▸ **HOW TO COMPLETE THIS TASK**: The lines to copy run from the one containing "Vegan leather corset dress 2" to the end of the listing. Please write them out exactly, minus the pictures.

▸ **PROVIDED MATERIAL**:

######

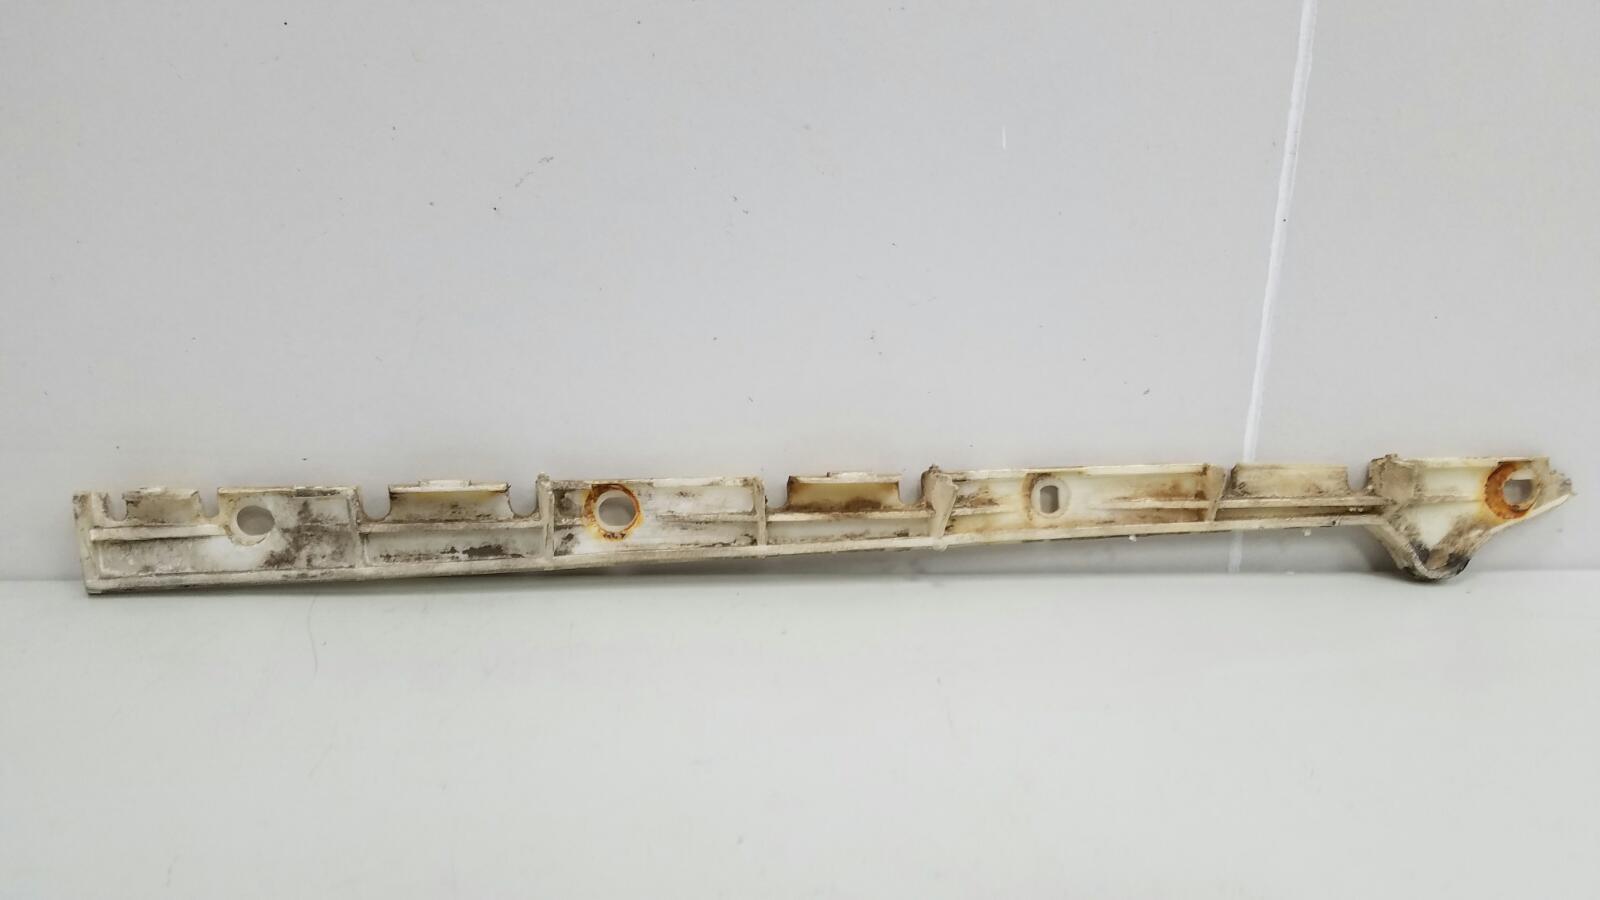 Кронштейн крепление бампера Rover 75 RJ 18K4F 1.8Л 2000 задний правый
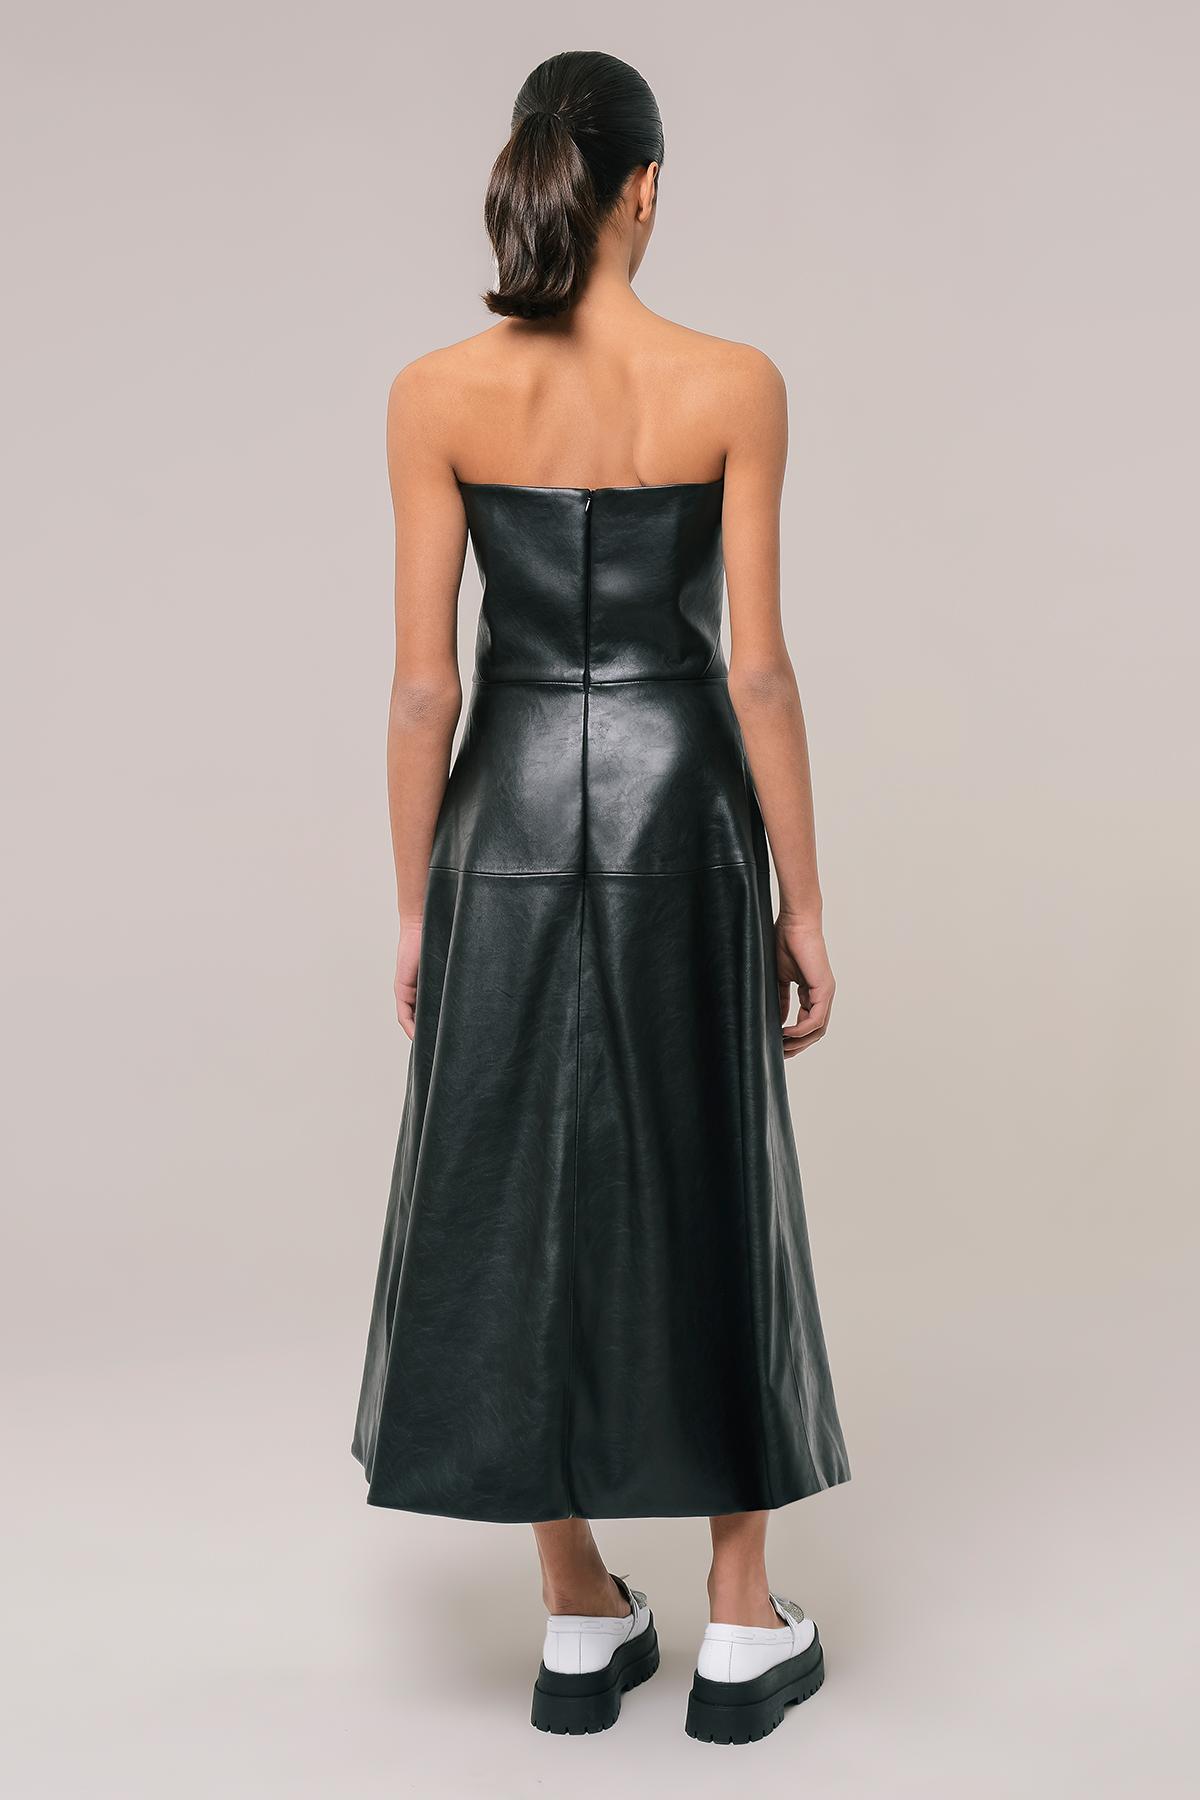 Vegan leather corset dress 2
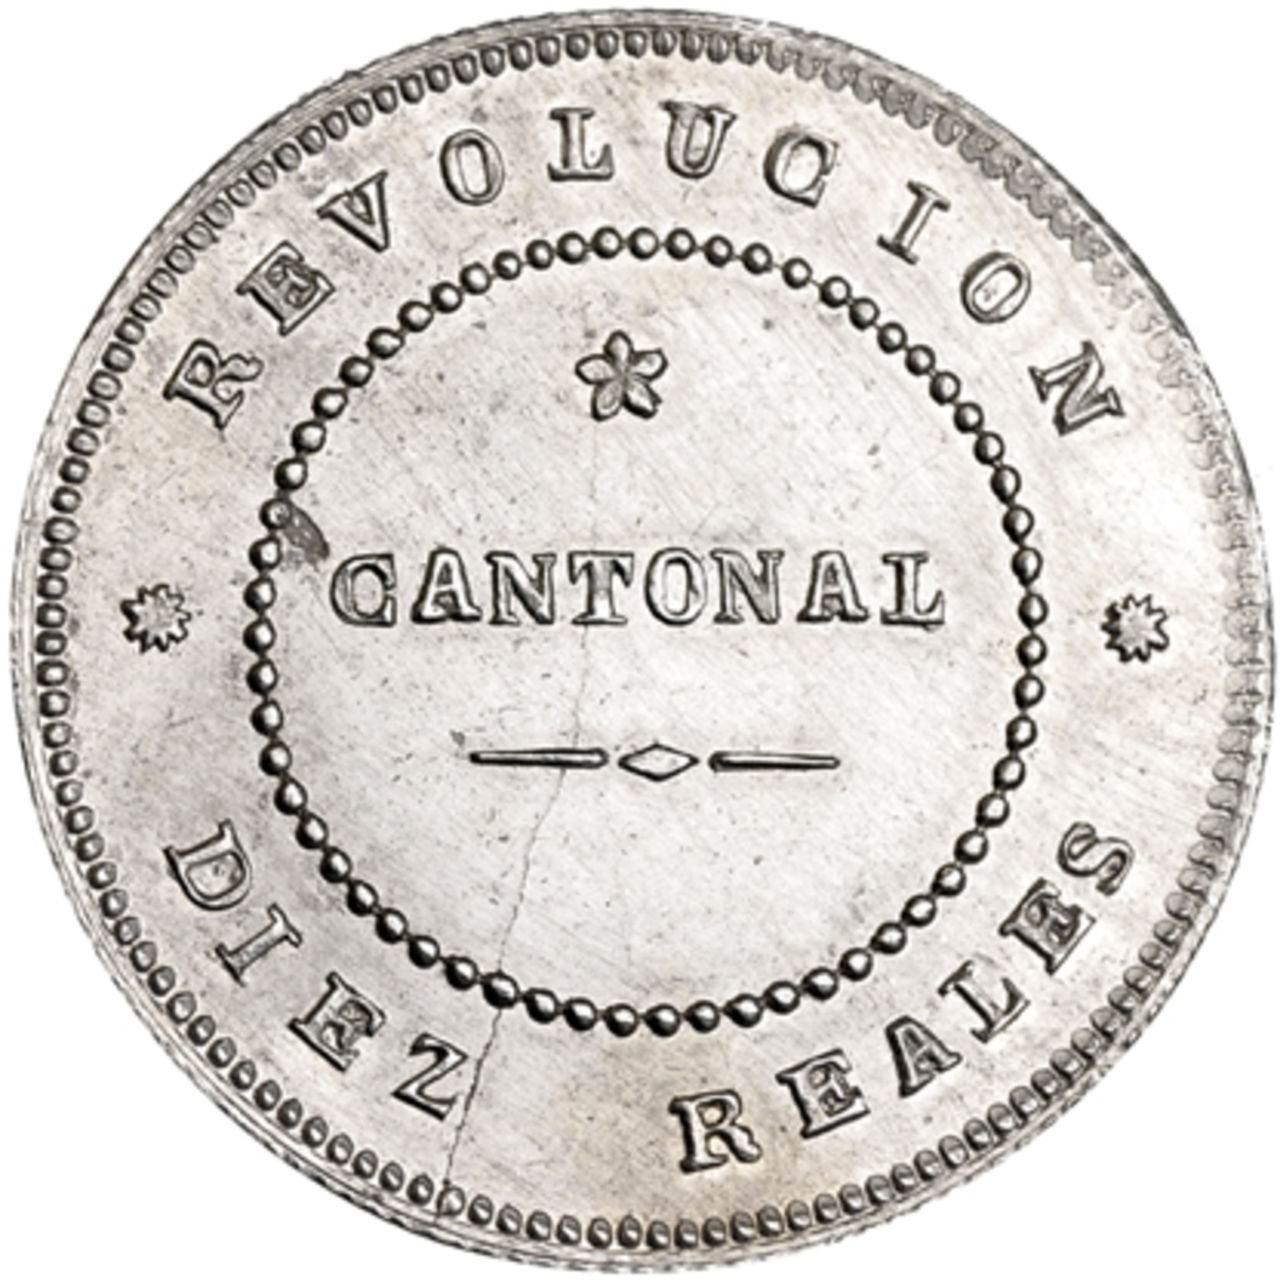 10 reales. 1873. Cartagena. Milagros Jover Navarro dedit, mi madre. 738a

######

▸ **TASK RESULT**:
 Vegan leather corset dress 2
 10 reales. 1873. Cartagena. Milagros Jover Navarro dedit, mi madre. 738a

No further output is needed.